Project 1: Machine Learning Experiments with Tic Tac Toe

CS 6501 - Deep Learning for Computer Graphics

Due: Tues Sept 27 (11:59 PM)

This project involves experimentation with simple classifiers and regressors: linear regression, linear SVM, k-nearest neighbors, and multilayer perceptron. Feel free to choose whichever language and libraries you prefer.

We suggest to use Python and the scikit-learn module. We also recommend to use the multilayer perceptron classes in scikit-learn. This requires the development version 0.18dev, which must be installed from source.


A game of Tic Tac Toe (from [1])

The goal for this assignment is to explore the performance of classifiers and regressors on the simple game of Tic Tac Toe. If you are not familiar with this game, please first learn the rules of the game.

For a simple 3x3 Tic Tac Toe game, the optimal game play can be obtained trivially by using minimax. However, more complex games such as Go have larger state spaces that require machine learning to evaluate the quality of an intermediate game board. See for example the Nature paper on Google's AlphaGo, which recently beat professional Go player Lee Sedol.

In this assignment, we explore the performance of simple classifiers and regressors on synthetically generated Tic Tac Toe games. The two players in these games are both computer (AI) players, with the X player denoted as +1, the O player denoted as -1, and empty squares denoted as 0. In the synthetically generated games, the players make optimal moves in these synthetic games. Your goal is to learn from these games to produce reasonable moves for player O (-1).

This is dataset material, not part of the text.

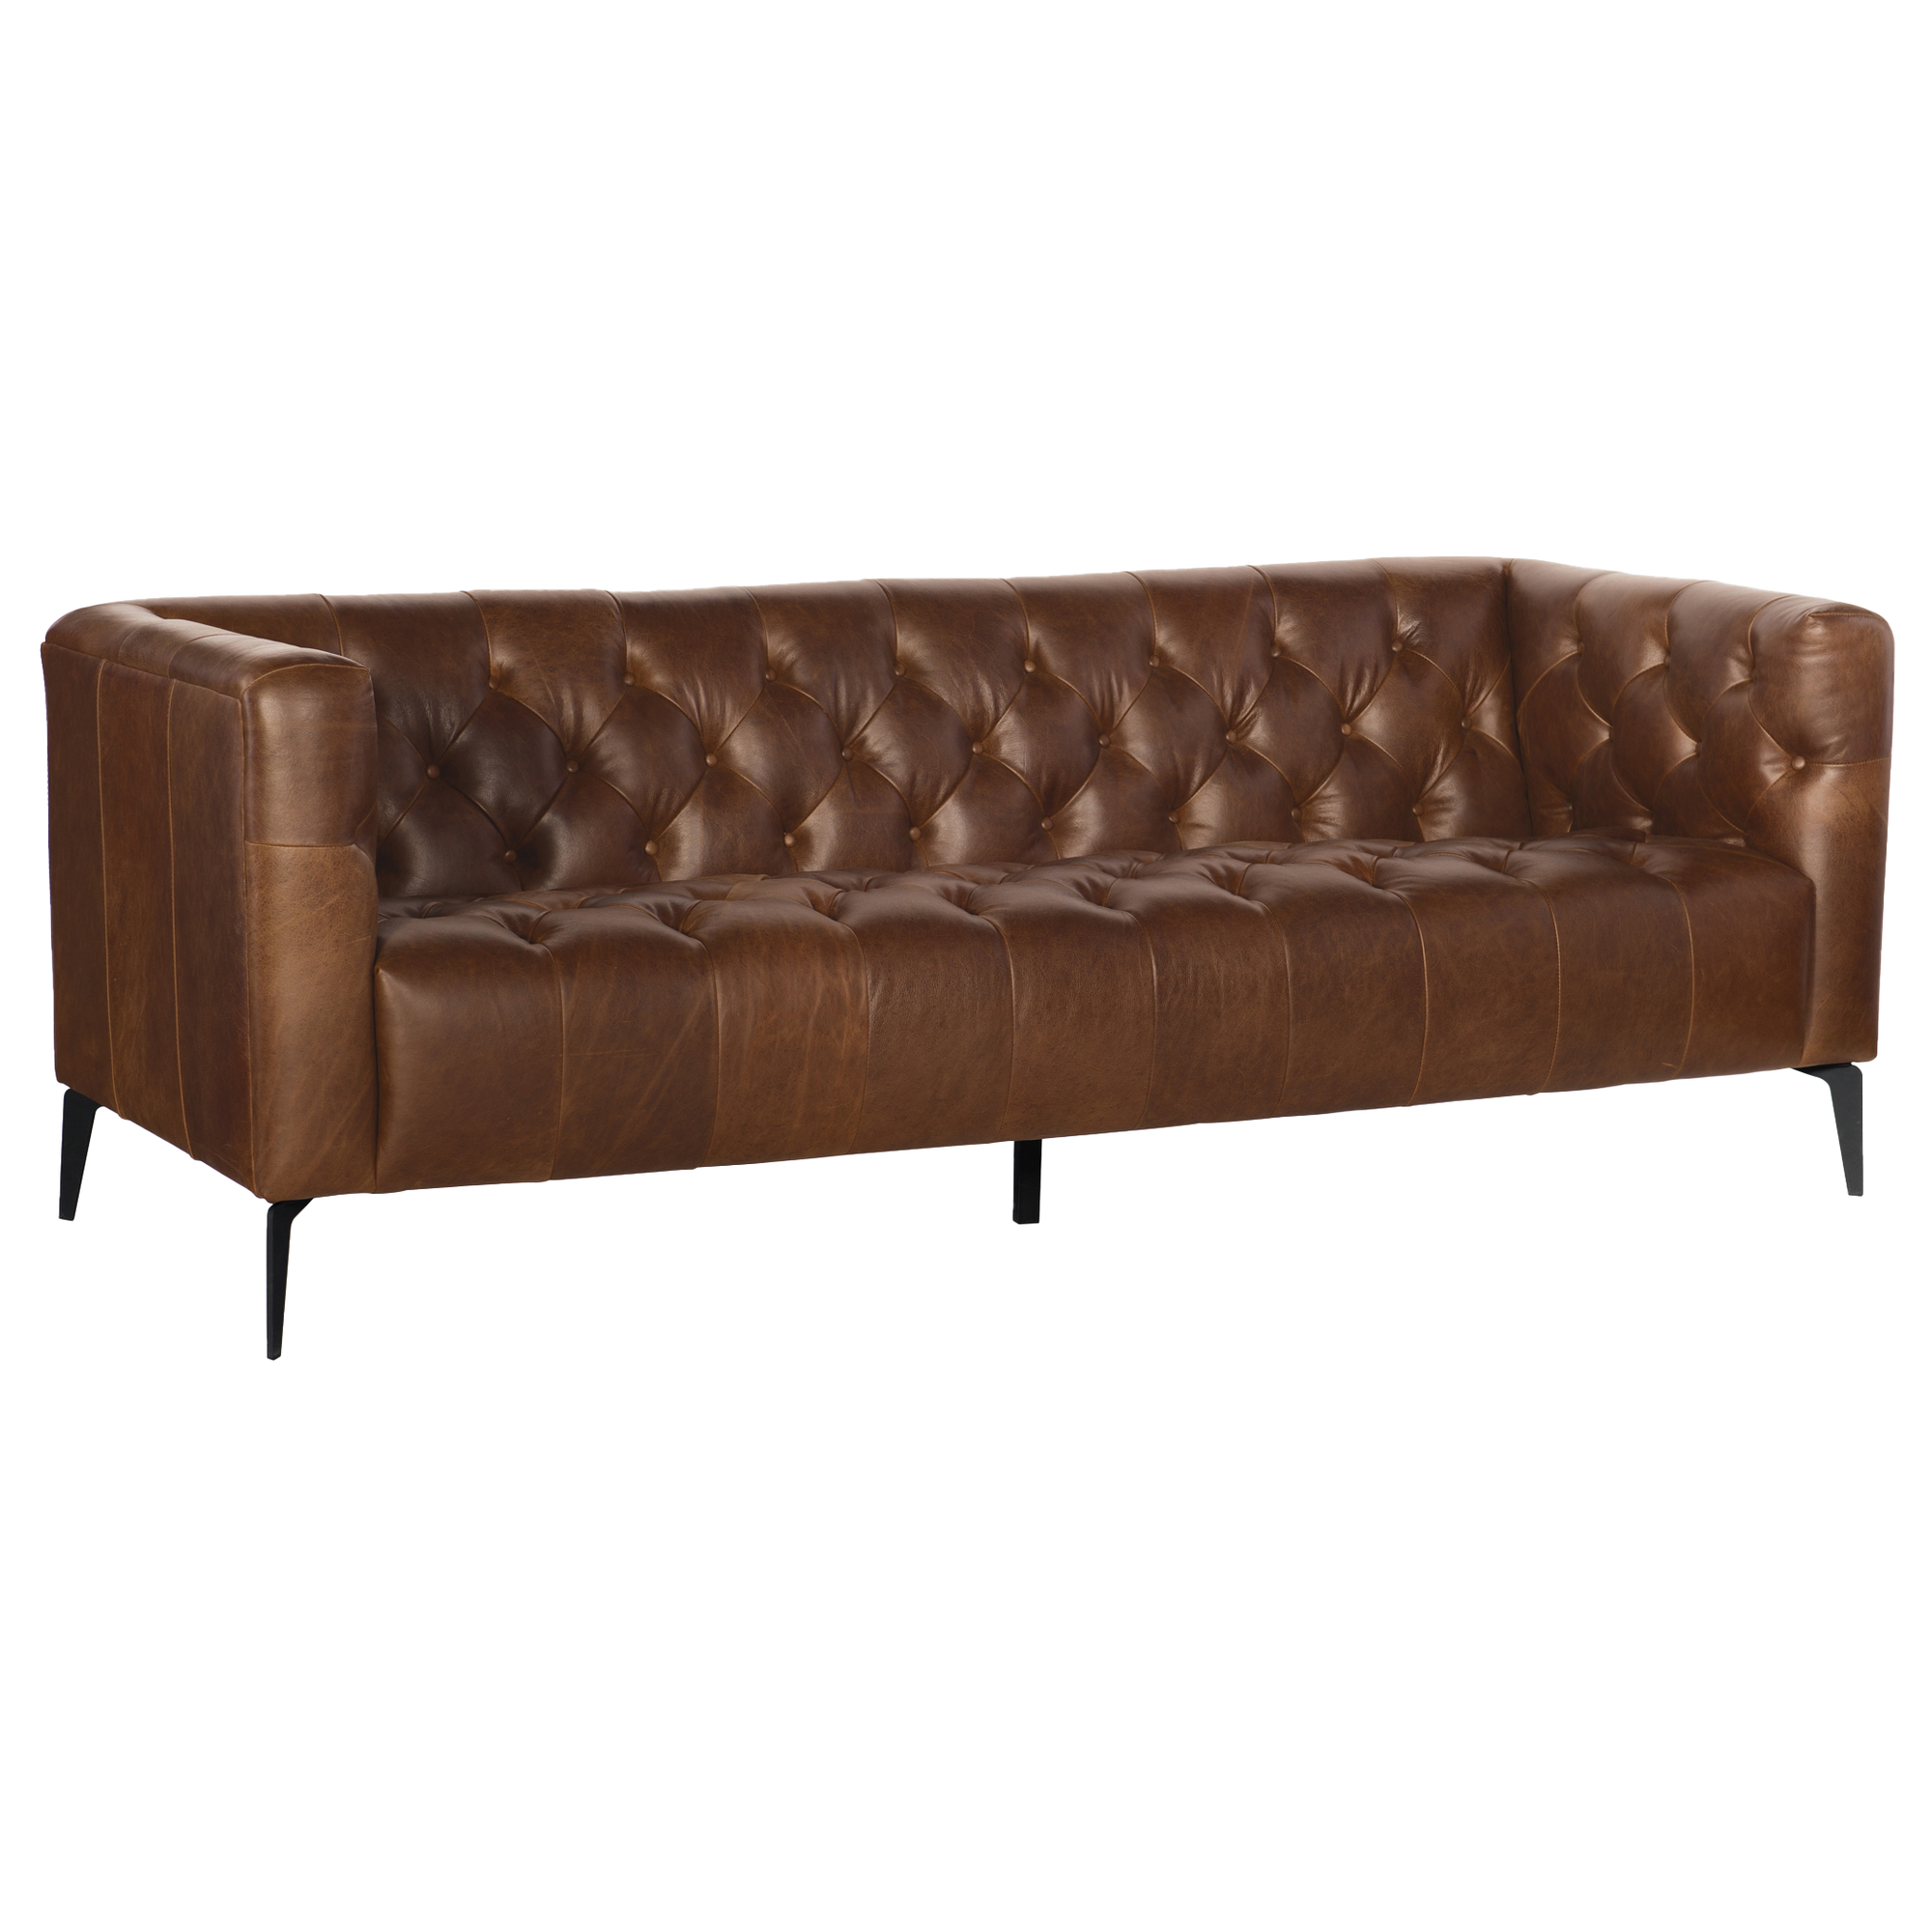 Nonie 84" Wide Upholstered Leather Sofa, Brown

We provide three datasets for this assignment:

Loading datasets

Assignment requirements

  1. Report performance of these classifiers on the above two classification datasets: linear SVM, k-nearest neighbors, and multilayer perceptron. We have included links to the relevant classes in scikit-learn, in case you are using Python. You can manually choose the number of neighbors k, and the architecture of your multilayer perceptron, although be aware this introduces some overfitting risk. You should use k-fold cross validation (using e.g. 10 folds).

    Please write a single classifier program that outputs the statistical accuracy and confusion matrices for both datasets and for each of these classifiers. Please normalize the confusion matrices so that each row sums to one. Note that none of the datasets are randomly shuffled so you should randomly shuffle the order of the dataset before using cross-validation.

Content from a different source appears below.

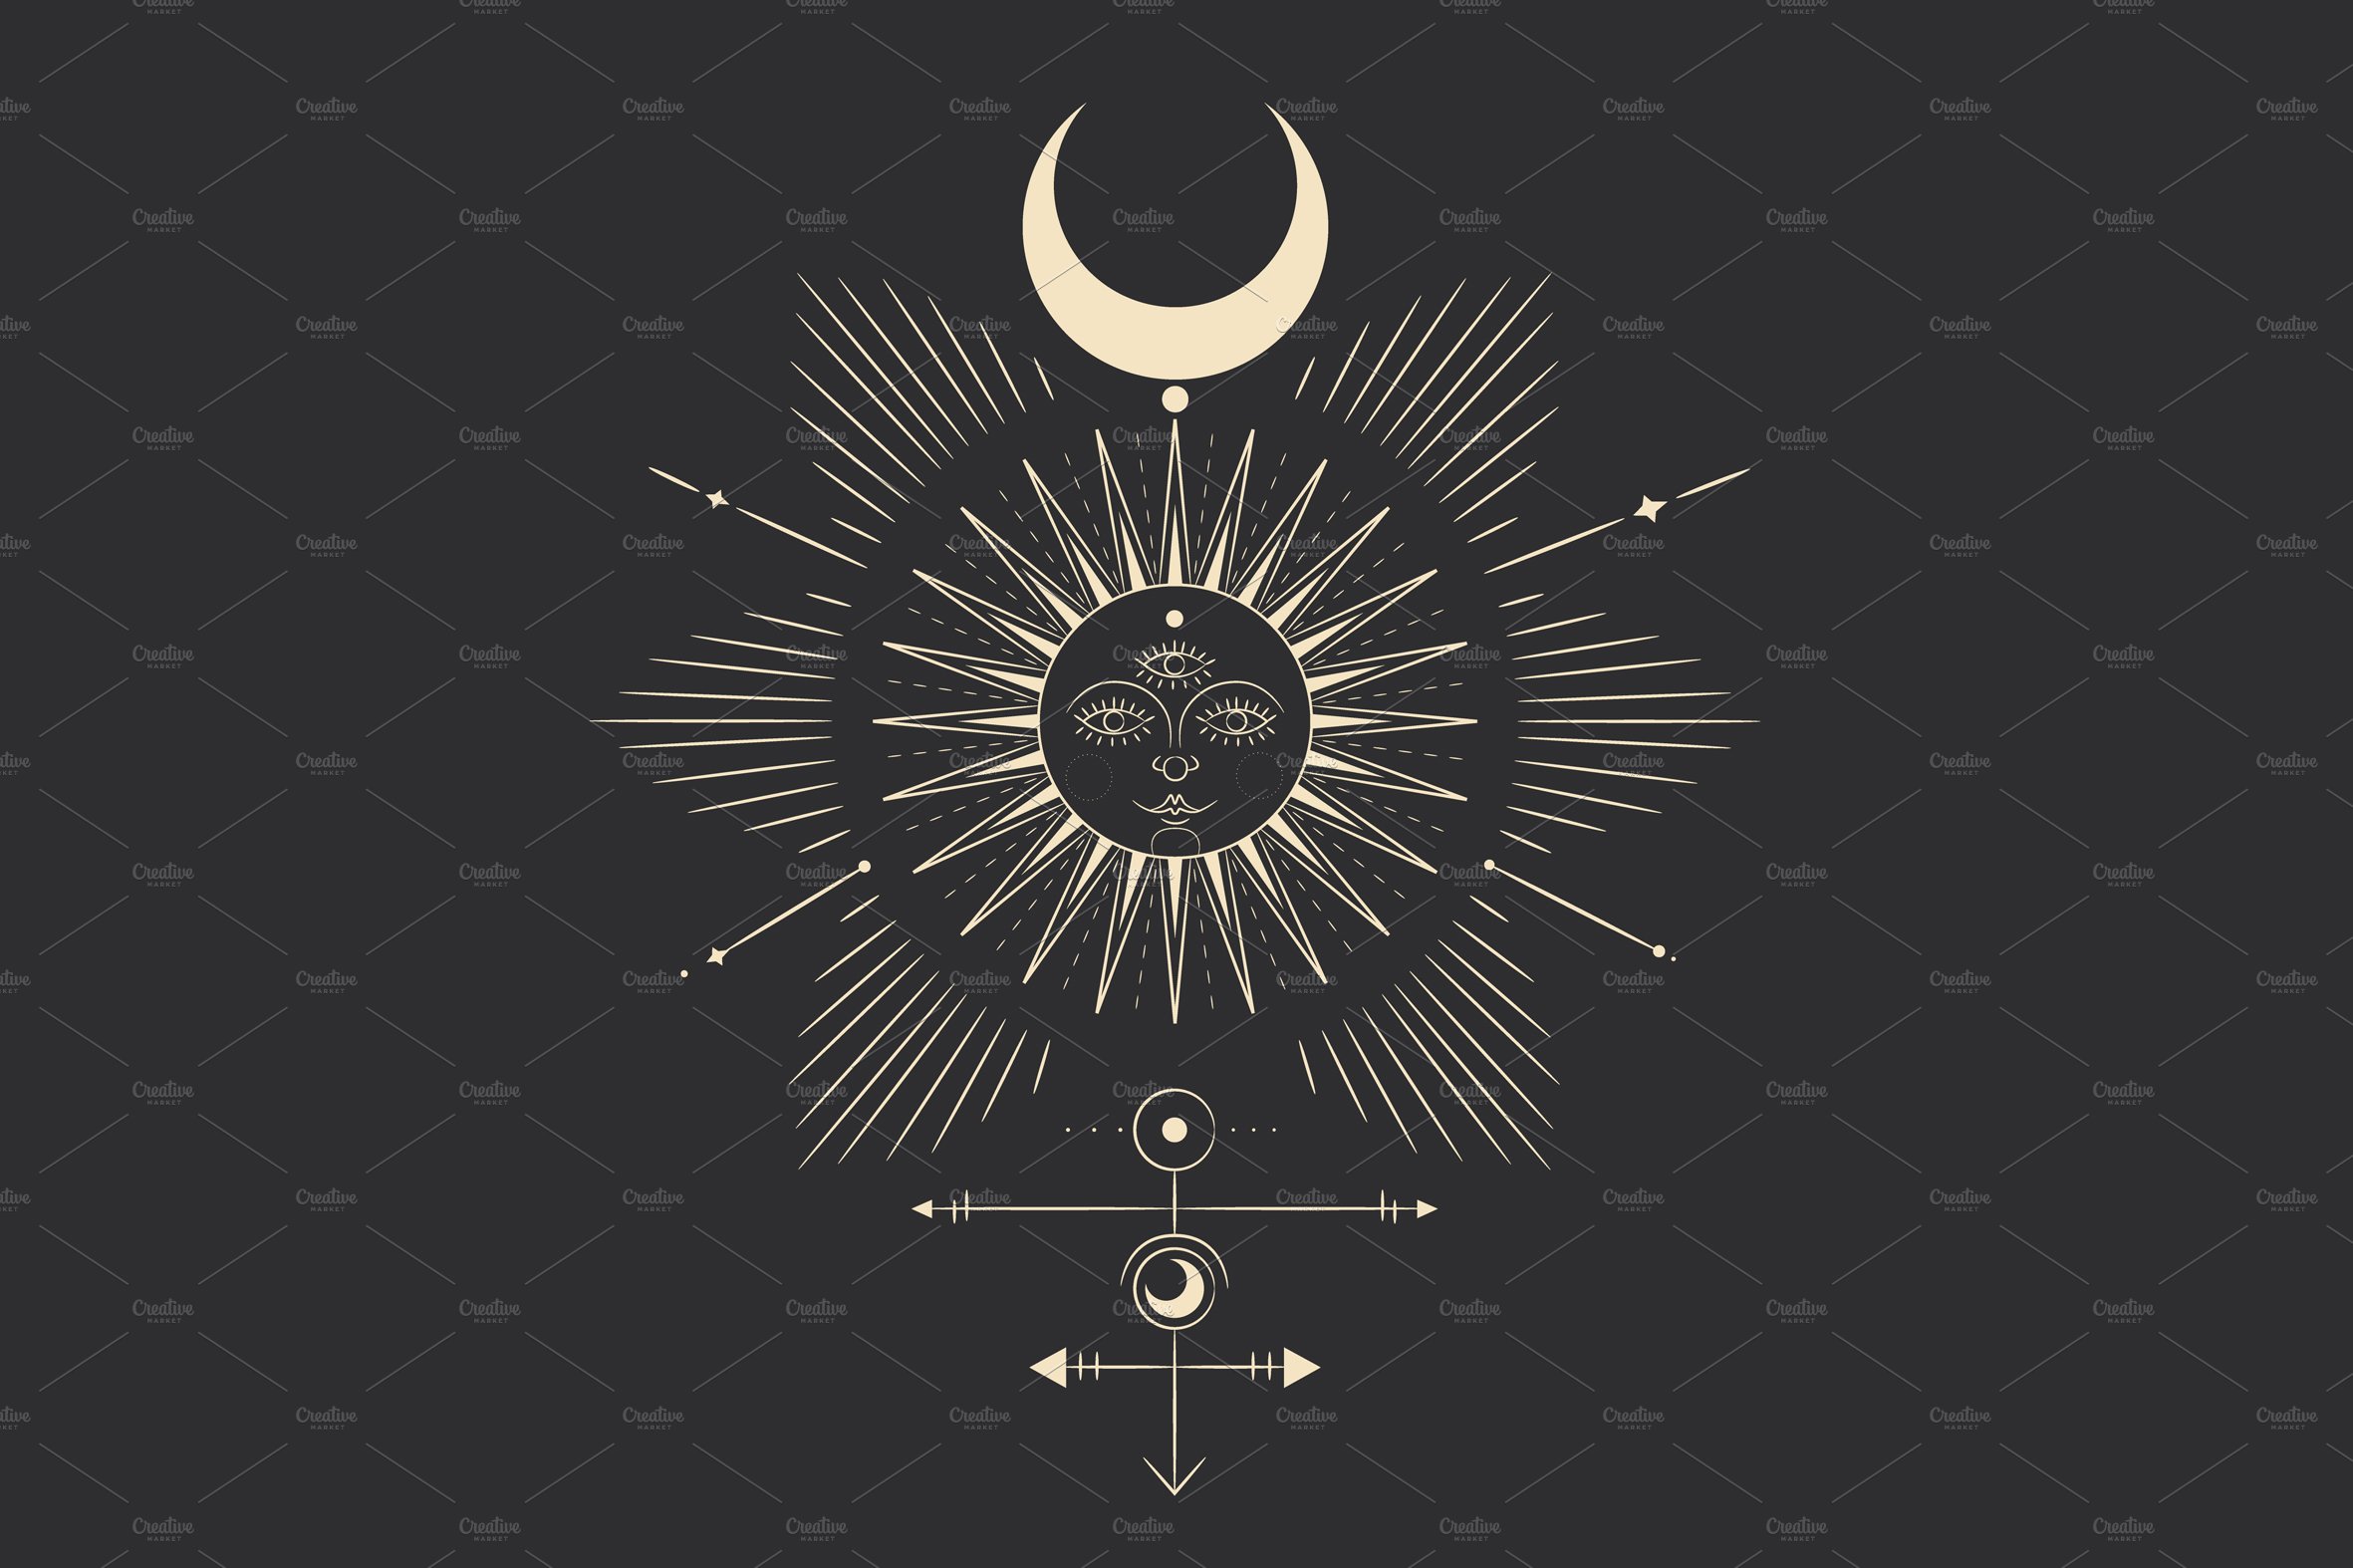 Cosmic signs and symbols preview image.

  2. Run these regressors on the intermediate boards optimal play (multi label) dataset: k-nearest neighbors, linear regression, and multilayer perceptron. For linear regression, implement the solution yourself via the normal equations derived in class. Note that one linear regressor can be trained independently for each output. For simplicity, you can use a squared loss function.

    Write a single regressor program which evaluates each of these regressors. Since this is really a multi-label classification problem that is being treated as a regression problem, please report the accuracy of the multi-label regressor as if it were a classifier, by rounding the output of each regression output to either 0 or 1 and comparing with the testing data. Use k-fold cross-validation also when assessing the accuracy for this part.

  3. Make a writeup, where you report the accuracy and normalized confusion matrices for the 3 classifiers, and the accuracy for the 3 regressors. Explain which method worked best for classification and for regression, and why. Investigate (and report) what happens to the accuracy of the classifiers if they are trained on 1/10 as much data, or a substantial fraction of the ground truth labels are corrupted by random noise (this could be a simple way to model the inclusion of non-optimal gameplay in the training set). Explain why certain methods scale better to larger datasets than the others. Hint: the multilayer perceptron should work better than k-nearest neighbors regressors, but they both should have above 80% accuracy, and should play a decent game of Tic Tac Toe in the next step.

  4. Implement a simple command-line (or Web-based) Tic Tac Toe game where a human (player X, i.e. +1) can play the best machine learning model (player O, i.e. -1). You can implement the computer player as follows: suppose the computer is given a current board. Then find the output of the regressor that is highest for the given board, which is not already taken by another player's move, and make the computer move that corresponds to the choice most preferred by the model. You can use the intermediate play classifier for the entire game. Describe in your writeup whether you can beat the computer, and how hard this is for the three regressors.

  5. Optional extra credit: the above machine learning setup requires an expert human or computer player to observe and learn in a supervised manner from. You can explore the use of alternative techniques such as genetic algorithms.



Feel free to collaborate on solving the problem but write your code individually.


Submit your assignment in a zip file named Please include programs that will automatically print the above requirements for the classifiers, the regressors, and a program that implements the Tic Tac Toe gameplay with a human.

Finally submit your zip to UVA Collab.